Download
Iran eyes Biden but conflict may still erupt with Trump
CGTN
Iraqi demonstrators mourn Iranian general Qasem Soleimani and an Iraqi paramilitary leader a year after they were killed in a U.S. drone strike. /AFP

Iraqi demonstrators mourn Iranian general Qasem Soleimani and an Iraqi paramilitary leader a year after they were killed in a U.S. drone strike. /AFP

Iran has opened the new year with a gambit to pressure U.S. President-elect Joe Biden, but fears are rising that conflict could erupt instead with U.S. president Donald Trump, who still commands U.S. military might in his chaotic final stretch.

Iran announced Monday it was stepping up uranium enrichment well beyond the limits in a 2015 nuclear accord negotiated with former U.S. President Barack Obama and indicated it would reverse course if Biden lifts Trump's crippling sanctions after taking over on January 20.

Tensions have soared since Trump walked out of the accord in 2018 and have escalated further in recent days, with the United States flying B-52 bombers over the Gulf and abruptly reversing a decision to bring home an aircraft carrier.

In an unusual statement that sounded more like the White House than the Pentagon, acting Defense Secretary Christopher Miller said late Sunday he was keeping the USS Nimitz in the Gulf due to Iranian threats against U.S. officials, including Trump personally.

"We have a new form of deterrence now, schizophrenic deterrence. We don't know what we're doing," said Vipin Narang, an expert on nuclear strategy at the Massachusetts Institute of Technology.
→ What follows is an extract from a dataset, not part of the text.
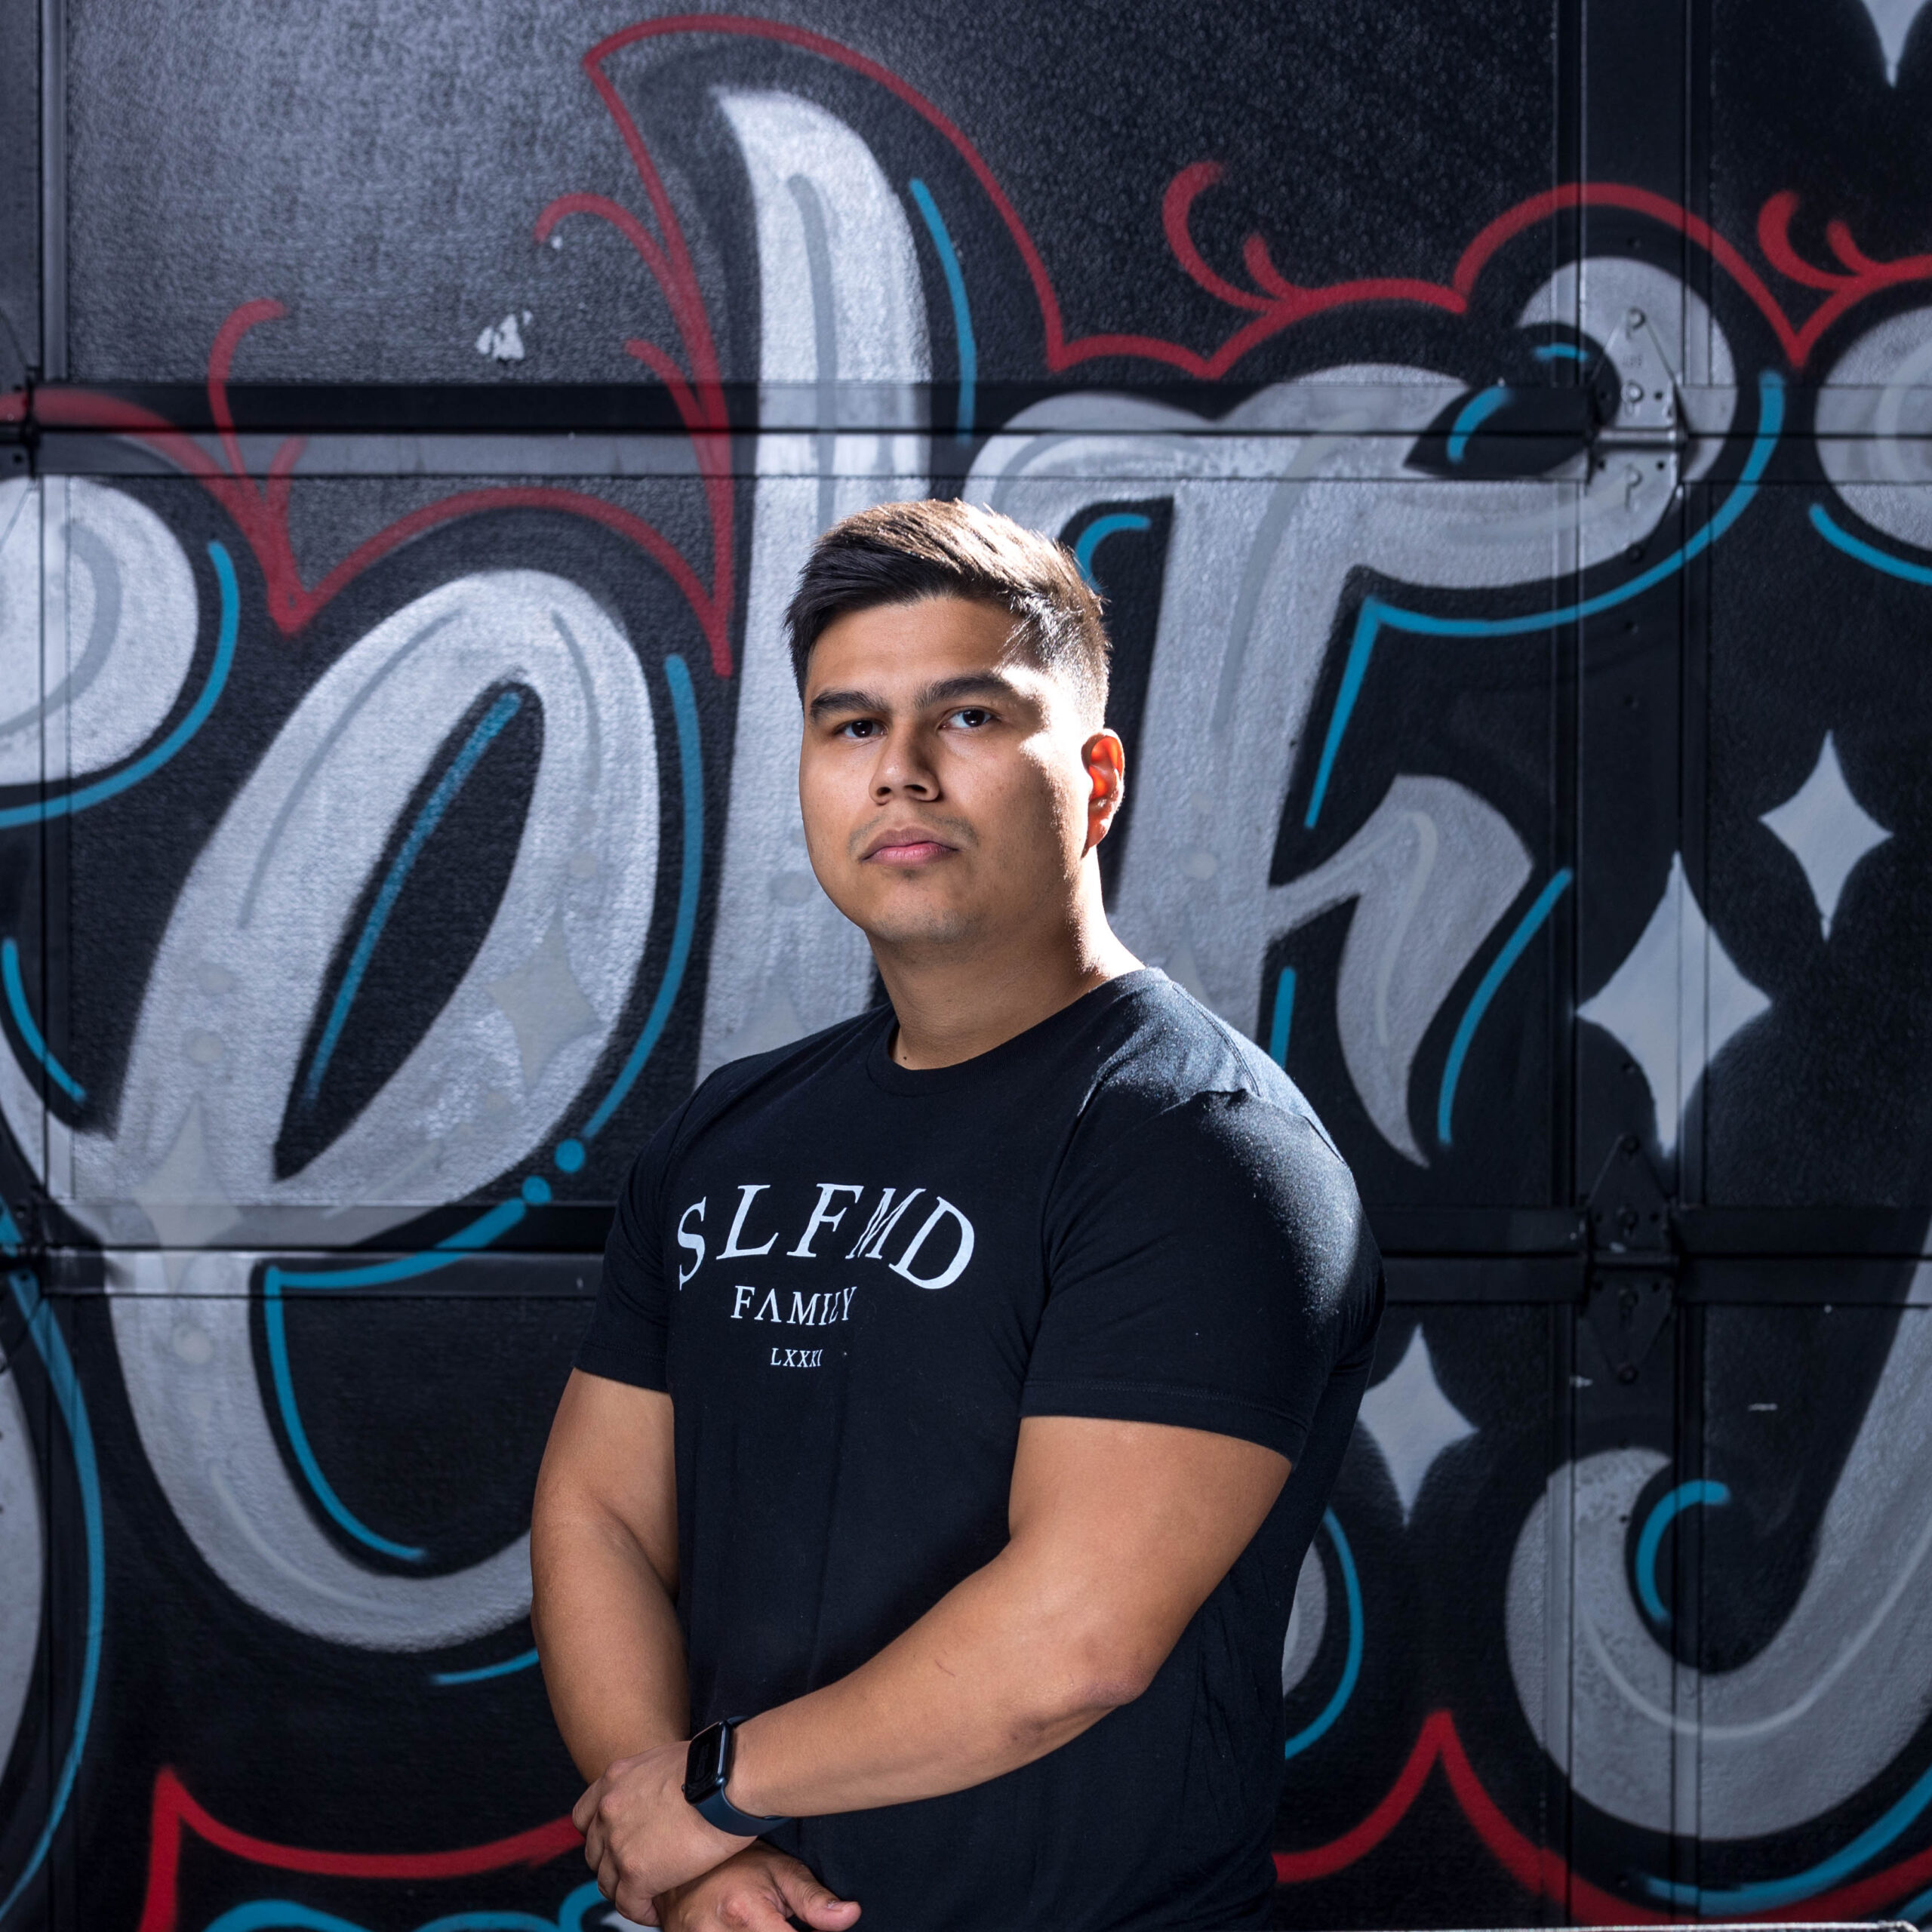 Luis Carrasco competitive Powerlifter and offer Comprehensive Powerlifting Programming

Instead of looking tough by reversing the Nimitz's return, "it may send the wrong signal, which is that it's total chaos in Washington right now and if you're going to take a shot, maybe this is the time you want to do it."

Narang said the risk of the United States initiating military action remained low but warned that Trump was becoming more unpredictable as he rages and seeks to overturn his election loss.
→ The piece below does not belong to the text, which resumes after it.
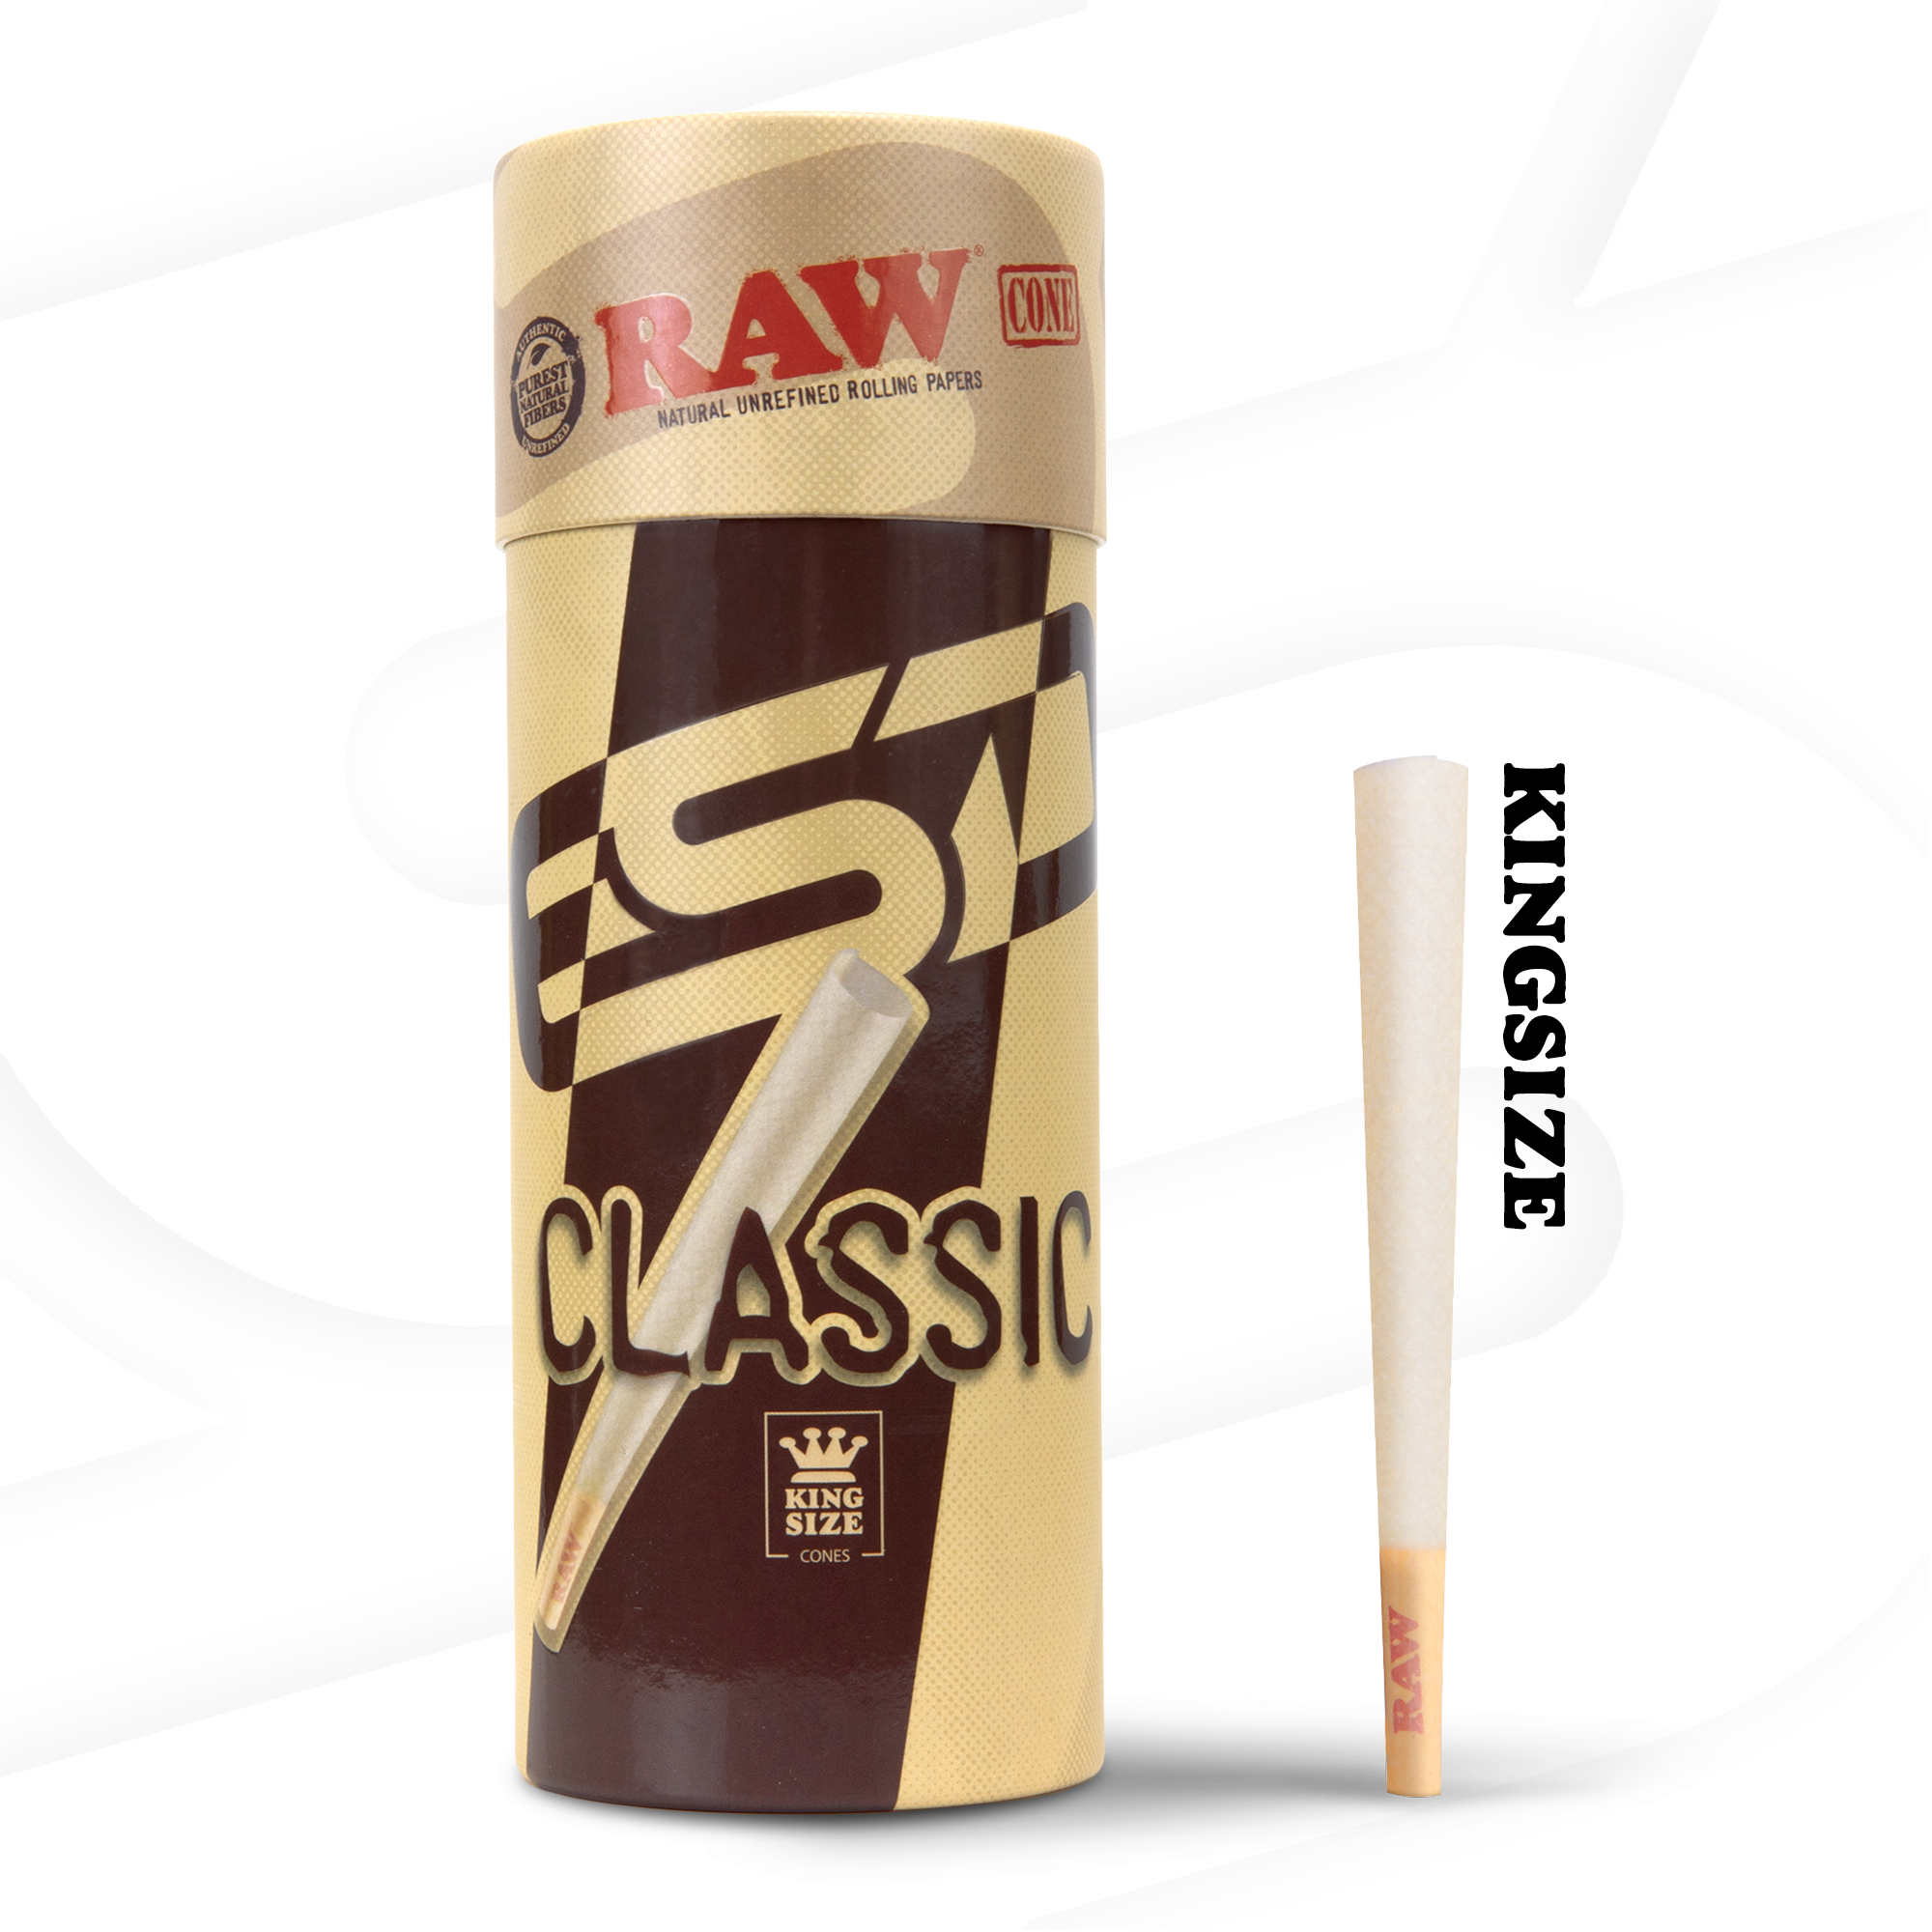 Buy *RAW X ESD Classic King Size Cones Online

"If I were Iran right now, I would actually be thinking that it's possible that Trump is so unhinged and so angry about the election that he may overreact to any slight provocation," Narang said.

Trump had warned that he would hold Iran accountable for the killings of any Americans after the U.S. embassy in Baghdad was hit a week ago by rockets blamed on Shiite paramilitaries allied with the clerical state.

But Sunday's anniversary of the U.S. drone attack in Baghdad that killed Iran's best-known general Qasem Soleimani passed without violence, despite angry demonstrations and Tehran's calls for vengeance.

Iran said it would enrich uranium at 20-percent purity, far above the 3.67 percent allowed under the nuclear accord.

But experts noted that the step was quickly reversible and that higher enrichment does not in itself bring Iran much closer to building a nuclear bomb, a goal that Tehran denies.